Caviar made of sturgeon eggs is known as "soft gold". It is one of the three most expensive foods in the world including saffron essence and truffle par.

There are more than 20 kinds of sturgeons, but only three of them Beluga, Ossietra and Sevruga are recognized as raw materials of real caviar on the traditional market.

In 2011, some sturgeon stocks from the Caspian Sea, the traditional source for making caviar over the past century, became unwelcome to world buyers and consumers started looking for an alternative.

As early as 1997, the Chinese Academy of Fishery Sciences imported tens of millions of fertilized sturgeon eggs from Russian Siberia for hatching.
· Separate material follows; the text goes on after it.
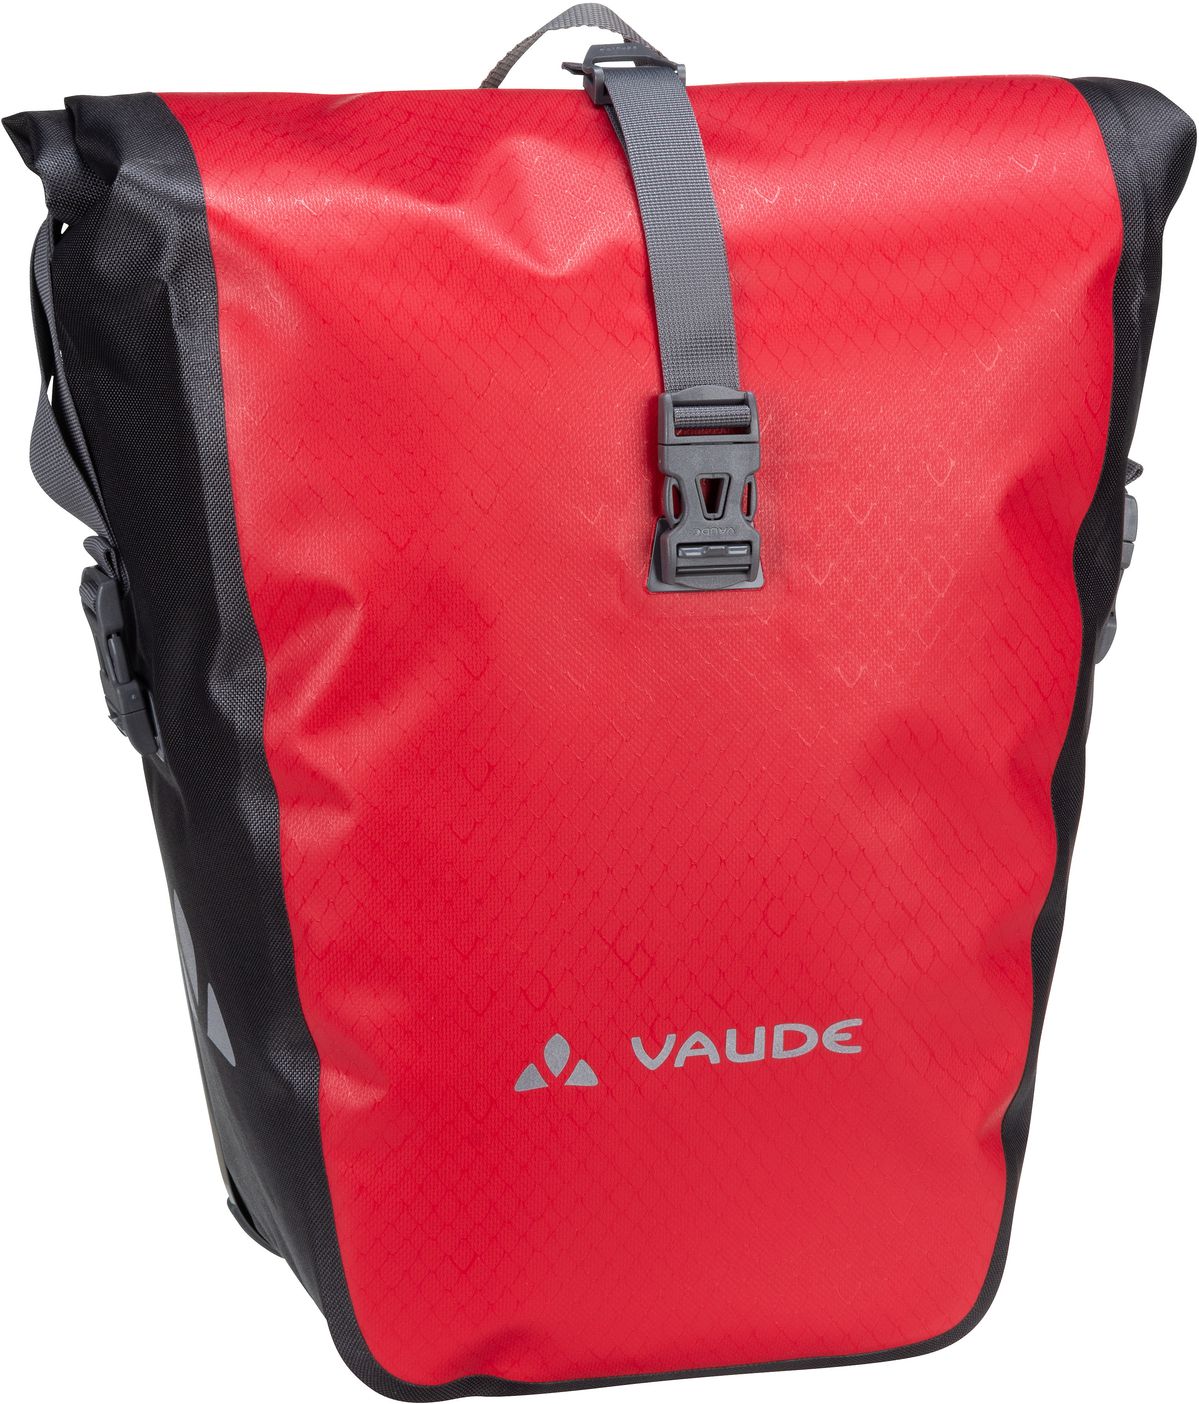 Vaude Aqua Back Single  in Rot (24 Liter), Fahrradtasche
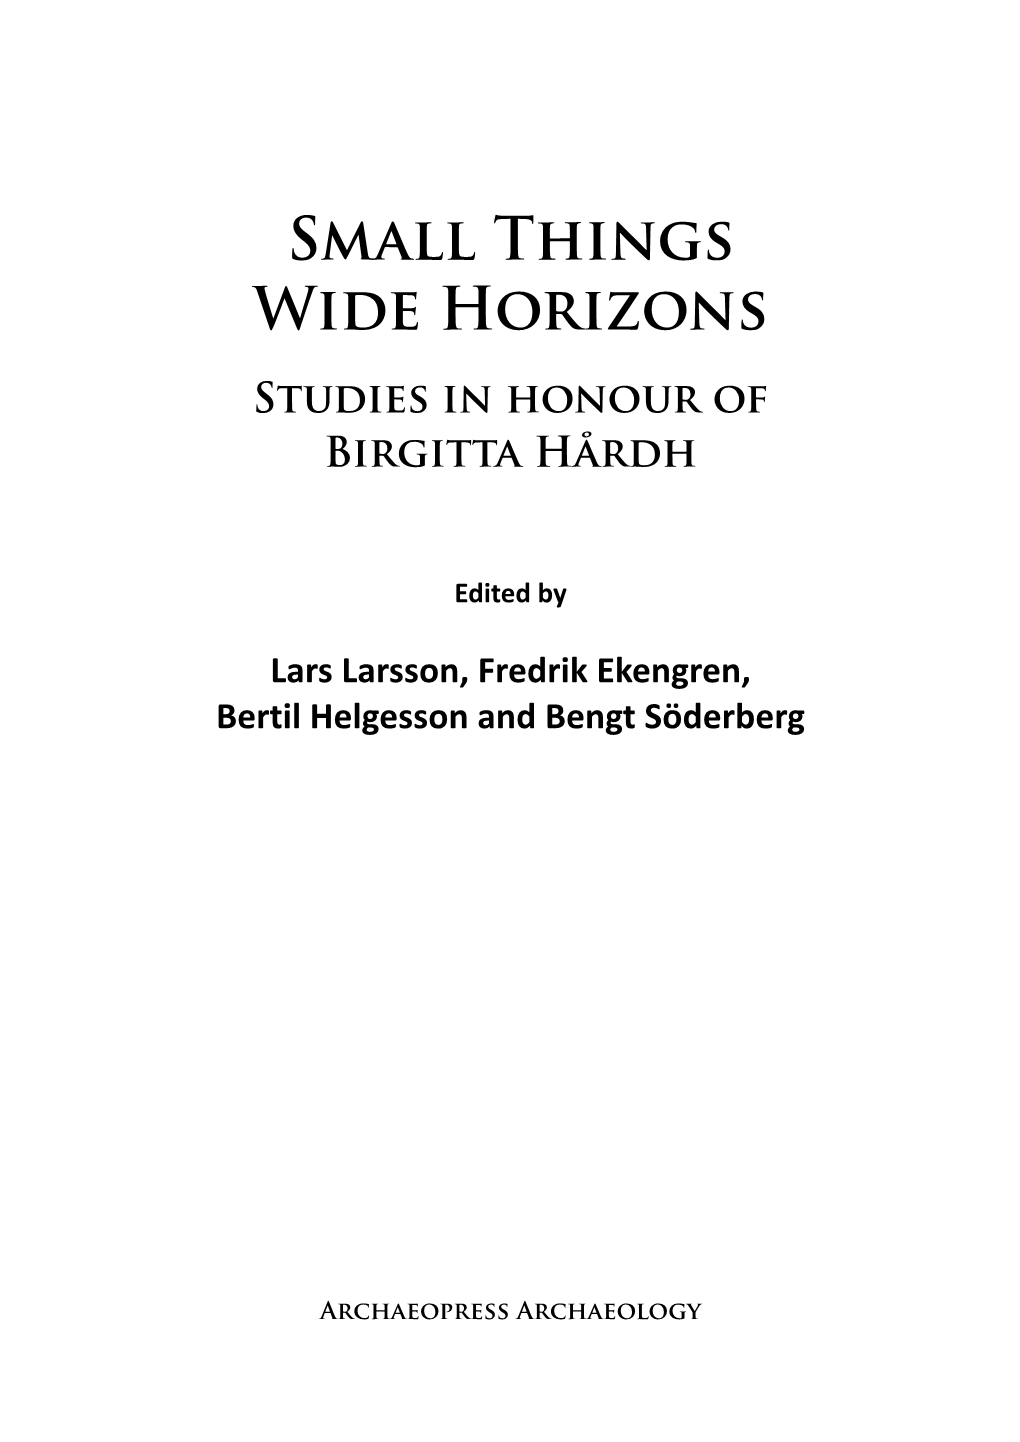 Small Things Wide Horizons Studies in Honour of Birgitta Hårdh

At the same time, its scientists also carried out breeding of wild sturgeons in the Heilongjiang River in northeast China.

In the summer 2003, as only being able to live in water between 15-23 degrees Celsius, many tons of sturgeons transported to the Thousand Island Lake, east China's Zhejiang province, died in batches due to water temperature rising to as high as 35 degrees Celsius.

Now the Hangzhou Sturgeon Technology Co., Ltd. has raised over 20 million sturgeons in the lake after overcoming numerous difficulties. Every summer when water becomes a bit warmer, fishermen would move all the sturgeons from the lake to a huge pool on an island. Here, giant pumps pumped lake water from 15 meters deep to fill the pool for cooling the sturgeons.

Another difficulty at that moment was to identify the male from the female sturgeons before they reached three years old. "The male are not worth much, if male and female are raised mixed together for seven to ten years, we will no doubt make no money," said Wang Bin, a researcher with the Chinese Academy.

Not being able to tell the sturgeon's gender from their appearance, fishermen ultimately had to invite experts from Hungary to do the sex determination.

It was a huge task -- more than 20 million sturgeons each had to do B ultrasound or puncture samples for microscopic examination.

“Eggs can be extracted only during the first 11 weeks of the sturgeon's stage 4 maturity, that is, during the eighth year of its life," Wang said. "This is very difficult to master. If a little bit too early, eggs are not rich enough, vice versa, eggs get withered."

Once extracted, 16 processing operations for the eggs must be completed within 15 minutes, when everything is done by human hands depending on their feels. The difficulty is that at that time, no Chinese fishermen knew well about how to handle these high-priced, fragile products. Having no choice, they invited processing masters from Iran to help out at high cost.